<東京怪談ノベル(シングル)>


闇夜に想い、腐れ縁の戦馬鹿へと詠う





 ――――――エヴァーリーン。





 彼女は多くを語らない。必要な事だけ話しさえすればそれで事も無し。何者も拒まず、身になるとなれば何でも受け入れ、利用するのが当たり前。中でも幼い頃に魅入られ、仕込まれた鋼糸の扱いは別格と言える。今や自分の手足以上。思った時には放たれ、獲物を捕らえ離さない闇の技。
 影に潜み、背後に立つと同時に、その息の根を止める。暗殺者、“鏖”――“ジェノサイド”として生きた過去の時。…消し去りたいような消せない過去もある。…歌で繋がっている大切な思い出もある。けれど、今はその闇の職より抜けて放浪の身の上に在る。
 芸は身を助くと言うけれど、エヴァーリーンの――彼女の場合はその言葉が適用されるのはやはりどうしても闇の中になる。…それも定めと受け入れて。身に着けた技を頼りに、ひとり放浪の旅の空の下、生きて来た。

 が、今は。
 実のところ、完全に単独行動を取っている訳でも、無い。

 …何故つるんでいるのか、己でも不思議に思える腐れ縁がひとり居る。
 エヴァーリーンは常に傍観者であろうと努めてはいるが、何故か、そうも行かなくなる場合がある。それは――己一人の時は、傍観者の立場を踏み越えるのは事情に必要を認めてからのごく稀な事だった。が、どうにもそのスタンスが守り切れない事が増えている。…そんな気になれない。らしくない。思いながらも気が付けばその腐れ縁は傍に居る。事ある毎に顔を合わせる。話が合うとも思えないのに――むしろ性格は正反対だとすら思うのに、気が付けば相方扱い。周囲からも、当の腐れ縁からも。
 そんな腐れ縁の戦馬鹿が絡むと、済し崩しで傍観者のスタンスは崩壊する。…エヴァーリーンにとっての報酬は、実力次第で変わるのが当たり前。即ち、己で極めた技を安売りはしない――だから事情に必要を認めた時にしか動かない、安請け合いはしない――そう決めていた、筈だったのだが。

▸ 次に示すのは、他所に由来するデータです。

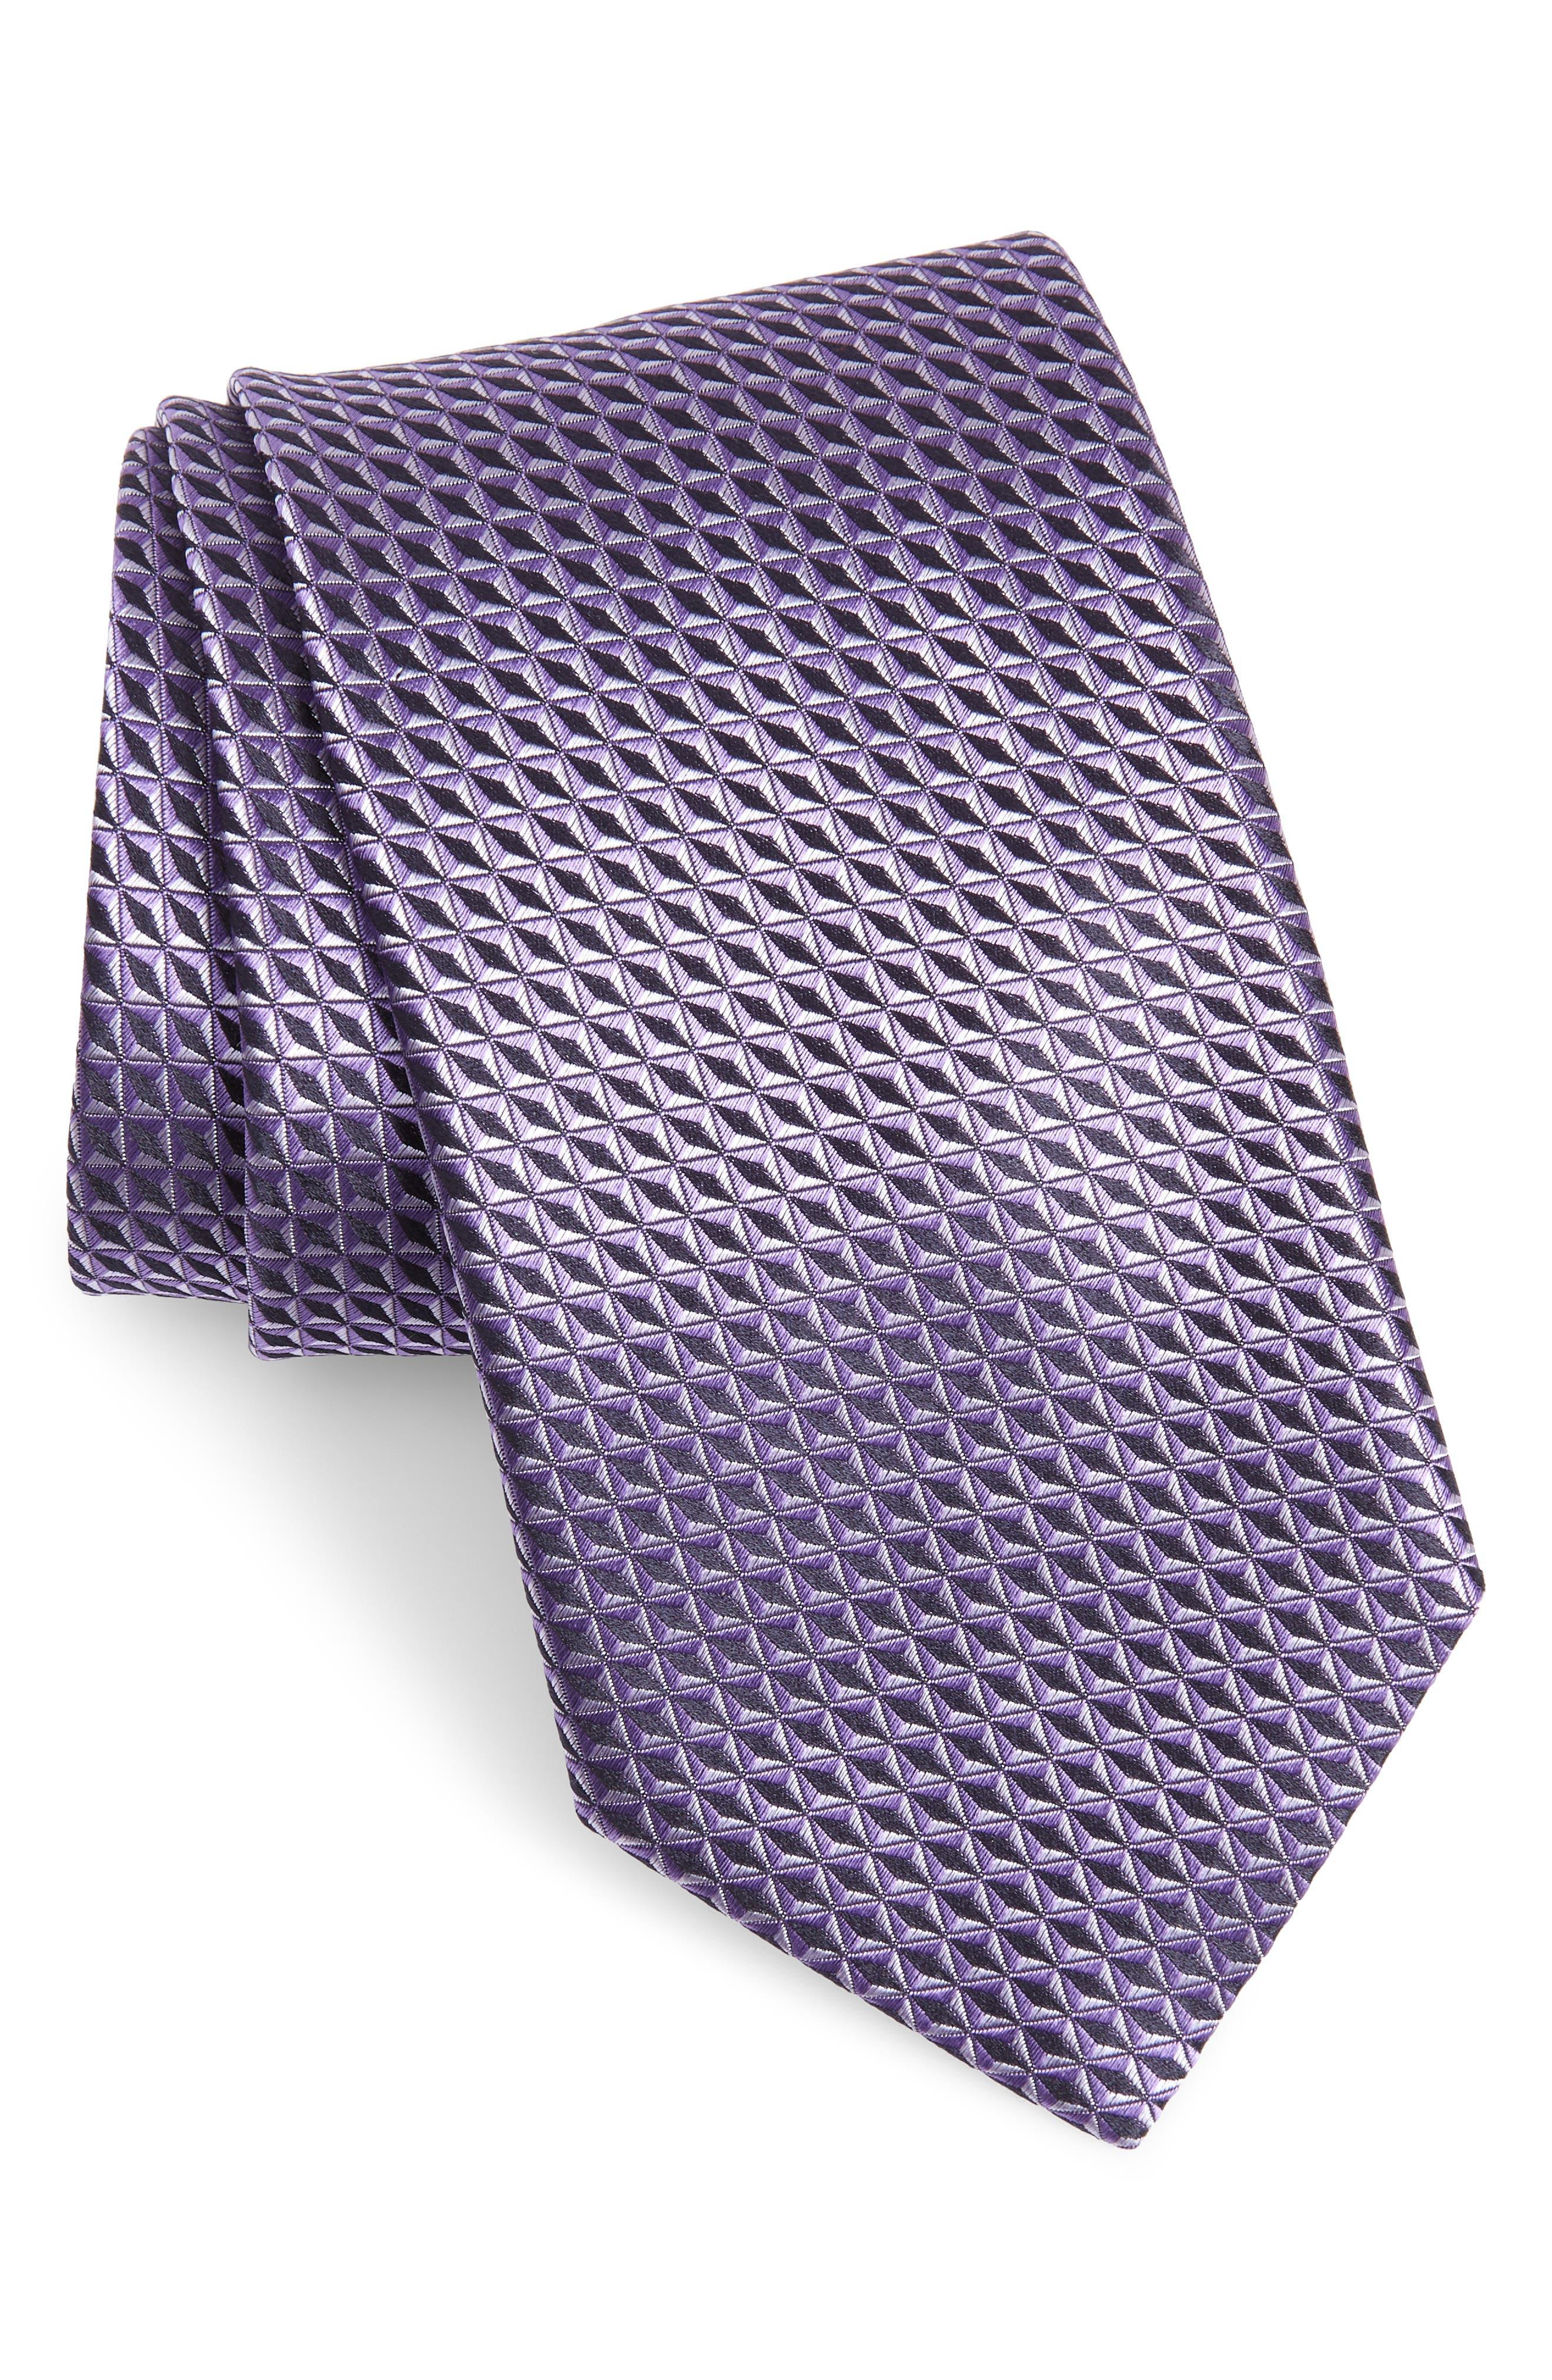 CANALI Geometric Silk X-Long Tie, Main, color, LIGHT PURPLE

 気が付けば、何処かの腐れ縁によって報酬に見合わない働きを求められる事も多々。そして渋々ながらもそれを許す自分が“らしくない”としみじみ思うが、不本意ながらも身体の方が勝手に動いている――動かされている。その事自体がどうも腑に落ちない。…腑に落ちないが事実は変わらない。
 当然、そうやって巻き込まれる度にきつくきつく締め上げはするけれど、腐れ縁の戦馬鹿には結局のところ効果無し。その日その時その場所でだけはそれなりに堪えたようでも、次の日にはすっぱり忘れている。
 そんな姿に溜息も出るが、碌に何も考えていないのだろう脳天気な貌を見ていると、馬鹿馬鹿しくなって来るのが先になる。どれだけ締め上げても、意味が無いと。…いや、それにしては自分は律儀にこの腐れ縁をいびり過ぎだろうか。…いや、このくらいの意趣返しは、ただの腹いせで済ませていいだろう。…後の己の心持ちを考えると、腹いせにすらなっているのかどうか自信も無くなるが。

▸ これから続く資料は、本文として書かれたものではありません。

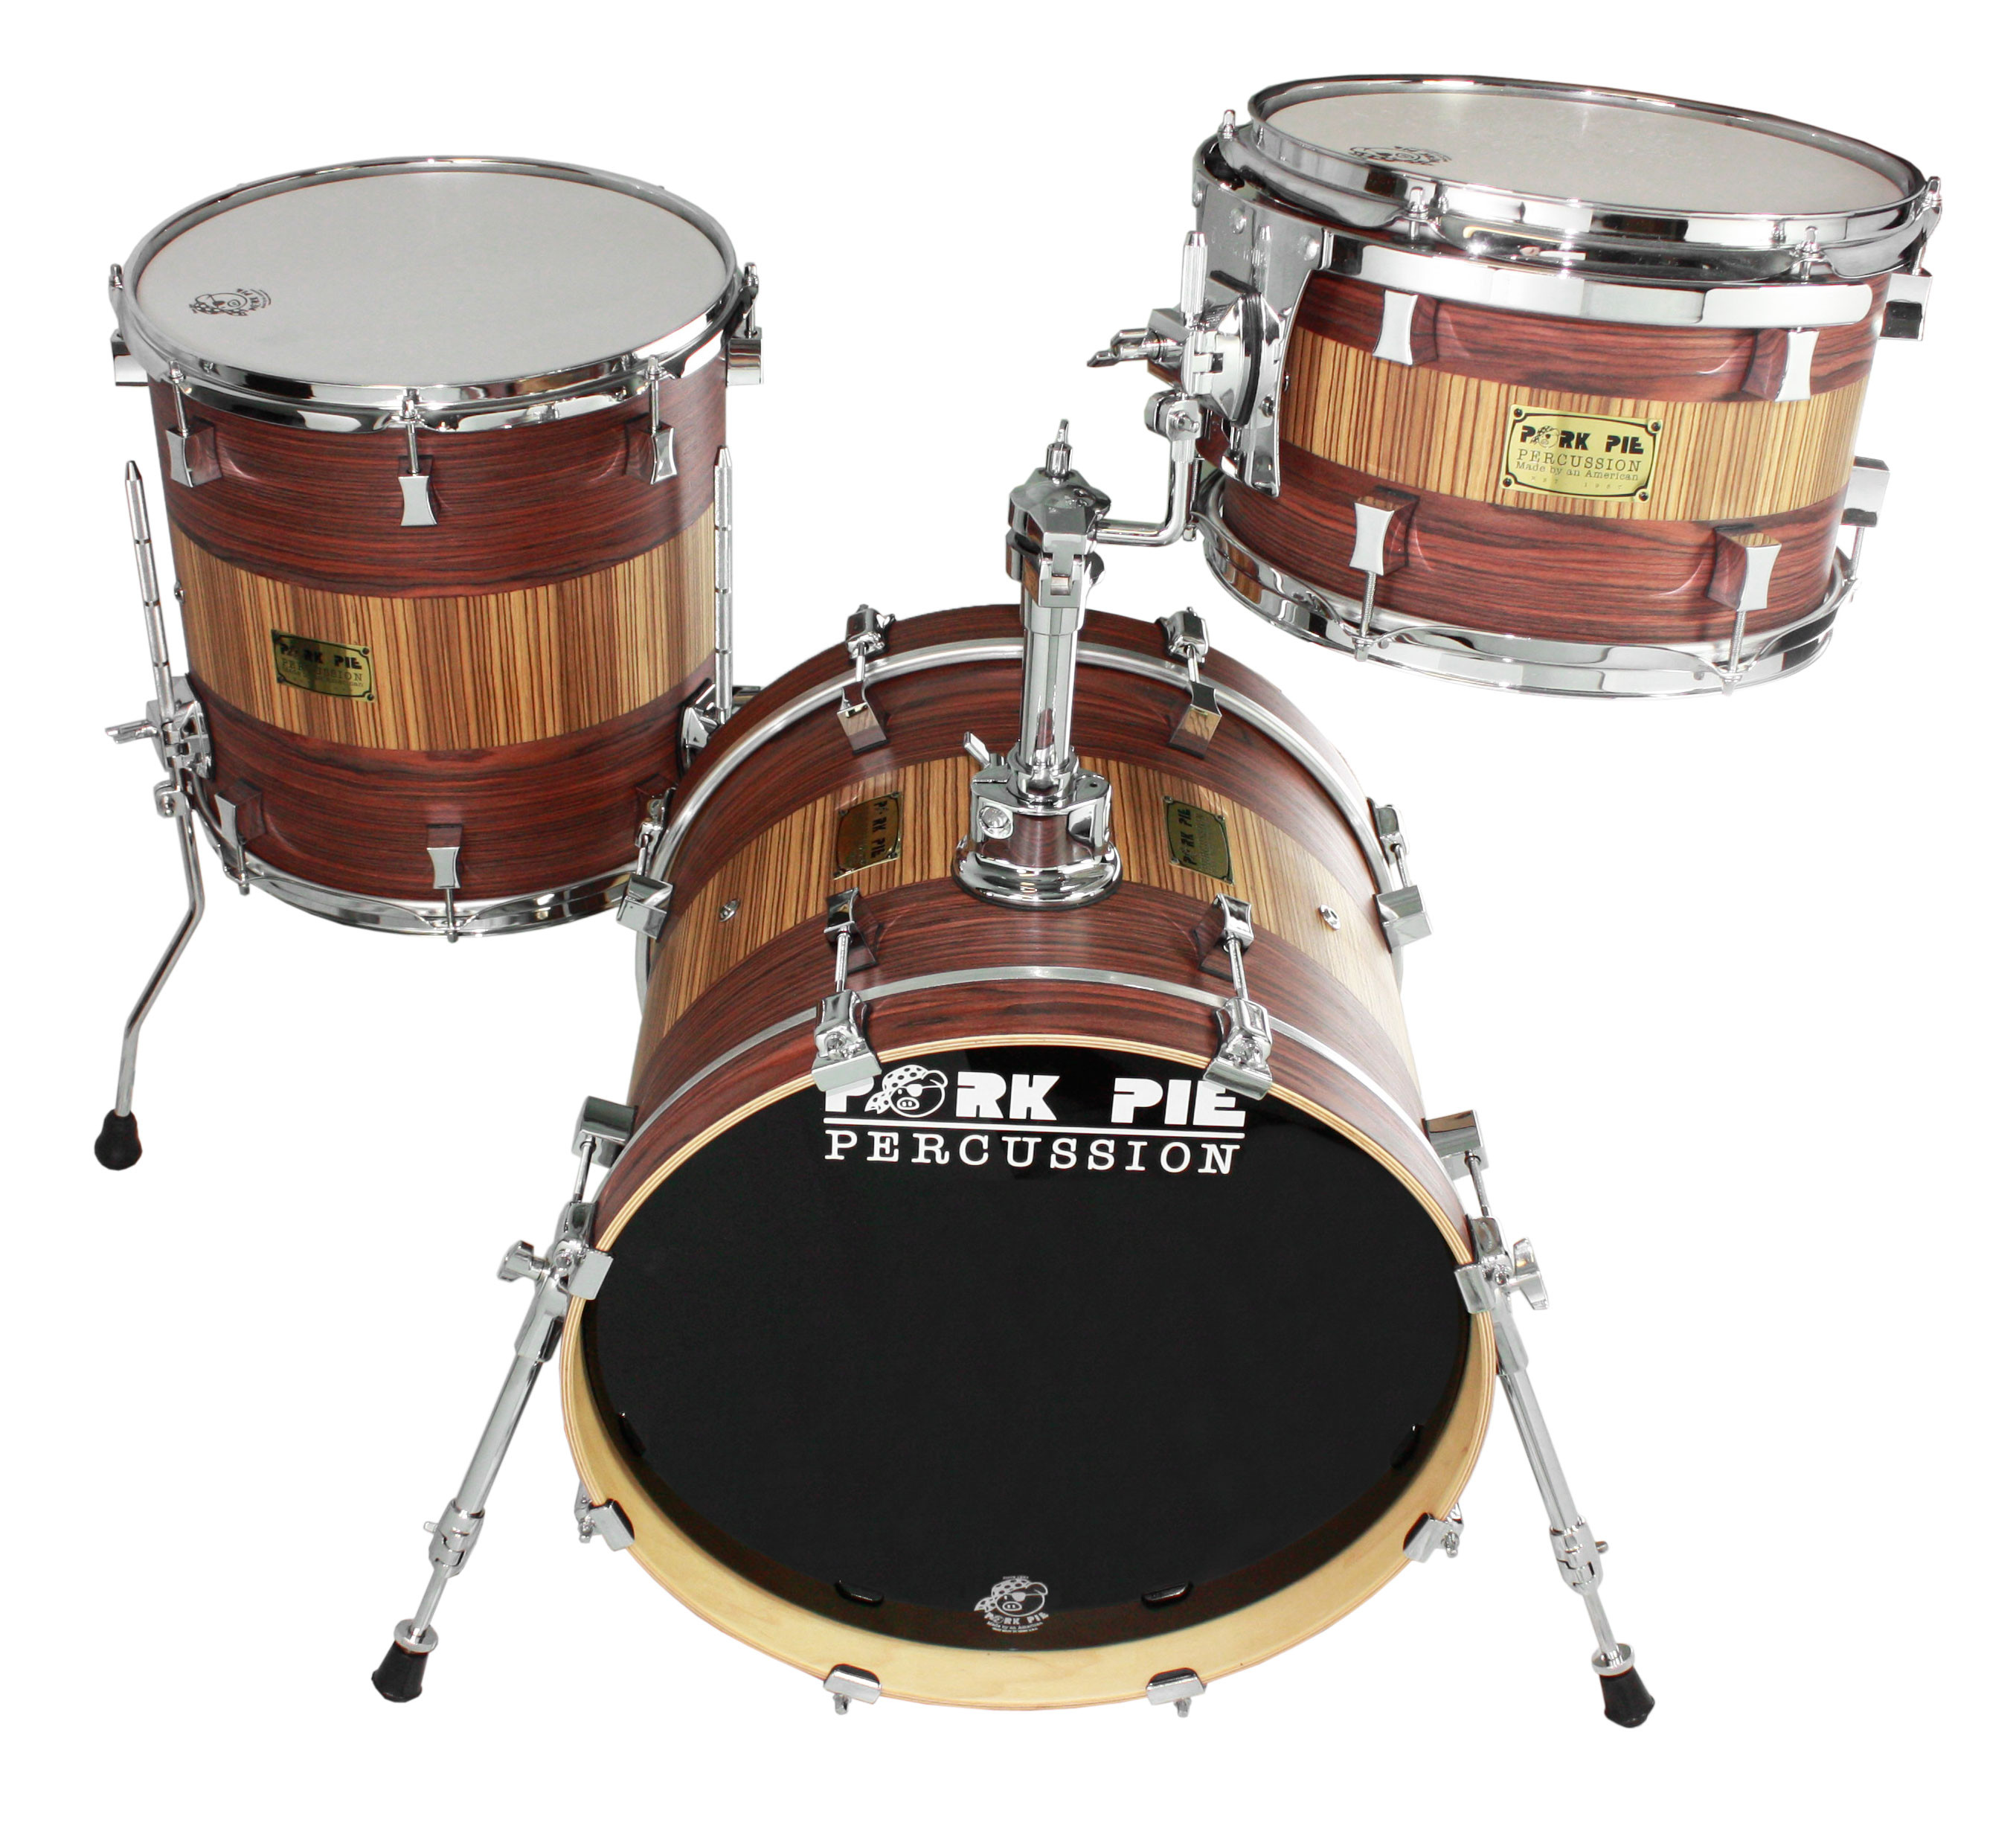 Pork Pie Drums  Pork Pie Percussion USA Bop 3 Piece Drum Set Shell Pack

 なんでこんなのとつるんでいるんだろう、と悩む事はエヴァーリーンにはよくある。…そして何度悩んでも答えは出ない。客観的な事実として“何か”があるのだろうとは思うが、それが“何”かがわからない。何度も何度も自問を繰り返し自己分析も重ねるが、結局のところ一向に状況が変わる事は無い。
 腐れ縁の事など何をしようと放置すればいいだけ。何を言われようと無視すればいいだけ――単純明快な解決方法は頭ではわかっている。なのに自分はそうしない――ああ、こいつに負けるのが嫌なのかと思い付いた事もある。腐れ縁の戦馬鹿。こいつの使う真っ直ぐな言葉や行為は、知らずエヴァーリーンを挑発している事になるのかもしれない。
 それを受けての、己の反応。いや、こんな戦馬鹿に挑発されたくらいでこのエヴァーリーンが己の主義信条を翻すなど。彼女は当たり前のように否定の感情を覚えはするが――その否定にも力を持てない。違うと言い切れる自信が無い。…とは言え否定の逆――「そう」だとはっきり認めるのも、事実として違う、とはごく冷静に思う。…やっぱり結局答えは出ない。もやもやと己自身の複雑怪奇な思考回路に途方に暮れる。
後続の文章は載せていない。